For the last two years, the Behavioural Insights Team at the Cabinet Office has been working to apply insights from behavioural sciences and economics to a range of public and social policy challenges – thus taking many years’ worth of academic research and hauling it into the realm of practical application. Recently I’ve been to two events – one, the launch of the Behavioural Design Lab (a partnership between Warwick Business School and Design Council), and two, a recent Which? workshop exploring how to better ground regulatory policy in the behaviour of ‘real consumers’ – that suggest the approach is beginning to spread beyond government and into the territory of regulators, designers, and innovators. As part of the Innovation in Giving Fund, we are also interested in how to apply behavioural insights to better understand motivations and behaviour around giving and reciprocal exchange.
Taking the realm of economics as a way into this discussion, here our traditional understanding of human behaviour has been based on a theoretical model – people are conceived of as ‘utility maximisers’, where utility is understood as a function of consumption. In other words, decisions are based entirely on getting the most stuff for our money. This principle of human motivation is the underlying rationale for our entire economic system.
But when we look at real, human behaviour, it’s all the other stuff – time, mental exertion, social norms – that shape our decisions just as much. We function within ‘bounded rationality’ – limited by the amount of time available to us to make a decision, our patience to sort through complicated options and weigh up pros and cons, our ability to successfully defer instant gratification to make the best long-term decision, and the information that we have about the decision we’re making.
The problem is that our entire policy and regulatory system is based on the model, not the reality. It’s how the myriad of choices that the mass majority of us make have been dubbed ‘irrational’ and therefore ignored.

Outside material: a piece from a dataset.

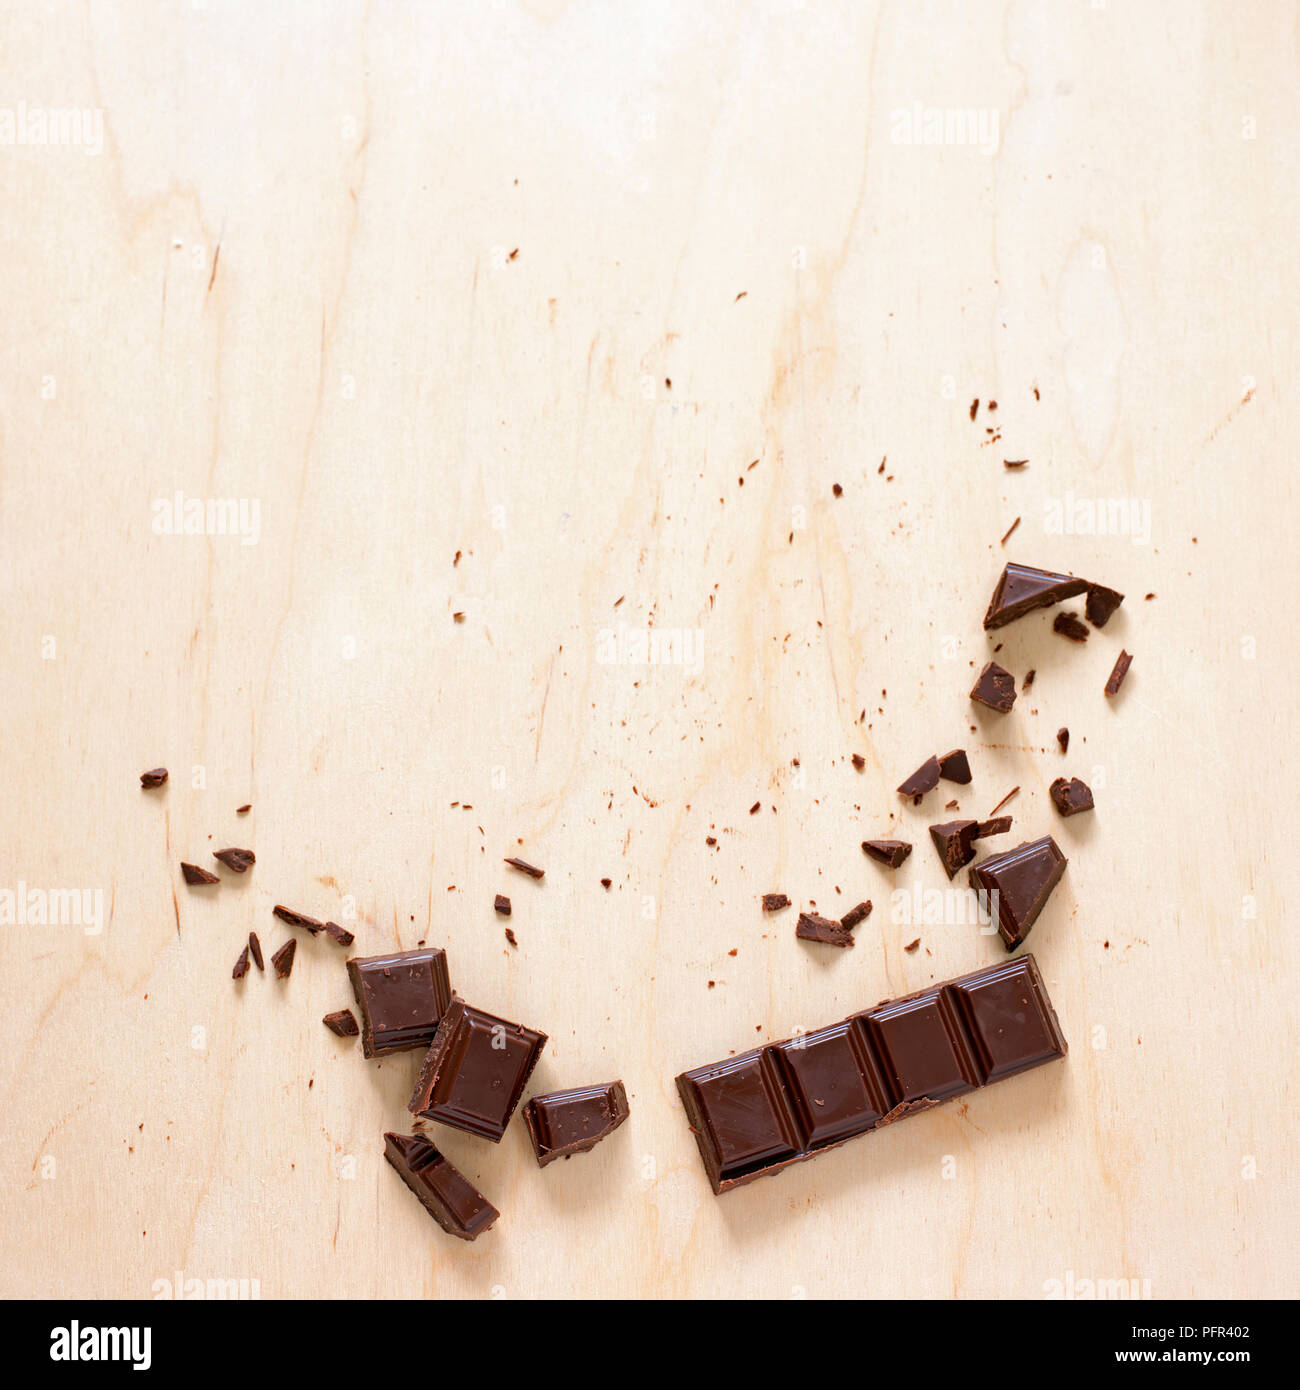 Rota en pedazos de chocolate sobre la superficie de madera Foto de stock
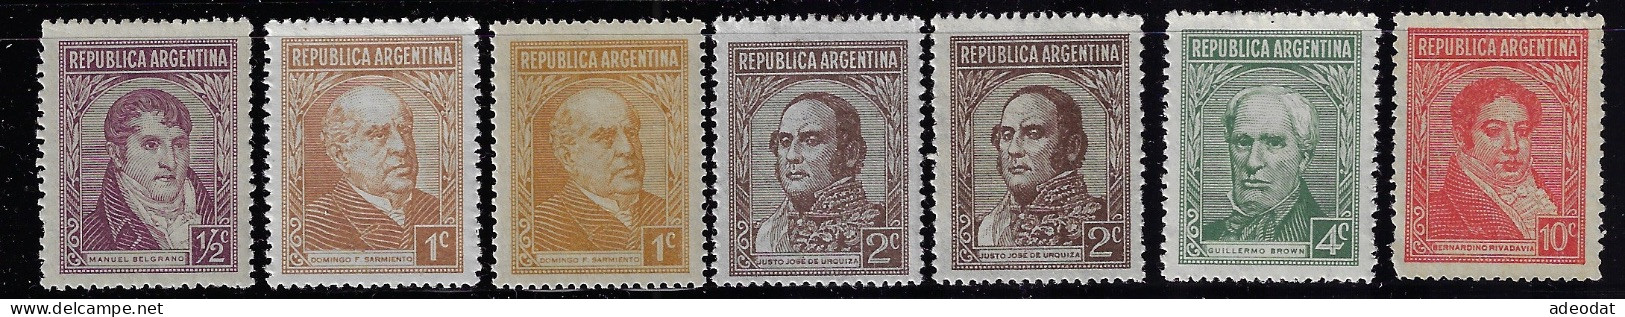 ARGENTINA  1935  SCOTT #418-420,426,430 MH - Unused Stamps

Two examples from the Behavioural Insights Team that I really like include:
Government subsidised insulation in attempts to incentivise more people to insulate their lofts. According to ‘rational choice theory’, people should have taken up the offer. But no one did. Why? It’s not that people didn’t want to save money (not to mention do their bit to protect the environment) but more than that, they didn’t want to go up to their lofts and spend hours clearing out old boxes in order to make room for the installation – it was just too much of a hassle. Under the current system, this would be considered ‘irrational’ behaviour, and hence not captured in the model. But in basing a policy in a genuine understanding of human behaviour and motivation, new solutions can be found. In this case, it was designing an installation service that included a complimentary clear out of your loft and delivery of unwanted goods to the charity shop. Suddenly, the take up rose significantly.
Another great example is the way that social norms and peer pressure shapes our decisions – another area entirely unaccounted for by rational choice theory. In pushing people to complete their tax returns, reminder letters are often sent out, and often ignored. But in a new approach letters were sent out that stated the percentage of people in your neighbourhood/county/city who had already completed theirs. In seeing that the majority of your neighbours and peers had fulfilled their responsibility, people were compelled to take action. The desire to stick with the herd, and not be the odd one out, is strong. Communicating this information to others had a significant and sharp impact on number of completions, saving huge amounts of money.
In the separate, but related, field of charitable giving, we see that human behaviour is governed not just by a desire to make the biggest impact with a donation or volunteered time, but also a desire to forge and develop meaningful relationships, build our sense of identity, share with others, win a reward, or just have fun. A couple examples of the behavioural insight approach being used in practice in this space include:
- Brixton Pound, New Economics Foundation and Dr David Reinstein at the University of Essex are testing out how the use of a complementary currency and different incentives can increase donations and local giving. Called Payroll Local, it takes an experimental approach and draws on insights from behavioural economics.
- Professor Peter John at University College London are using RCTs to test what mechanisms are effective in recruiting volunteers here in the UK to support a variety of different causes, from assisting older people in their homes to reducing bullying in schools.
And we’re always on the lookout for more opportunities to use behavioural approaches to test out and build our understanding of the most effective ways to increase giving – so keep watching this space.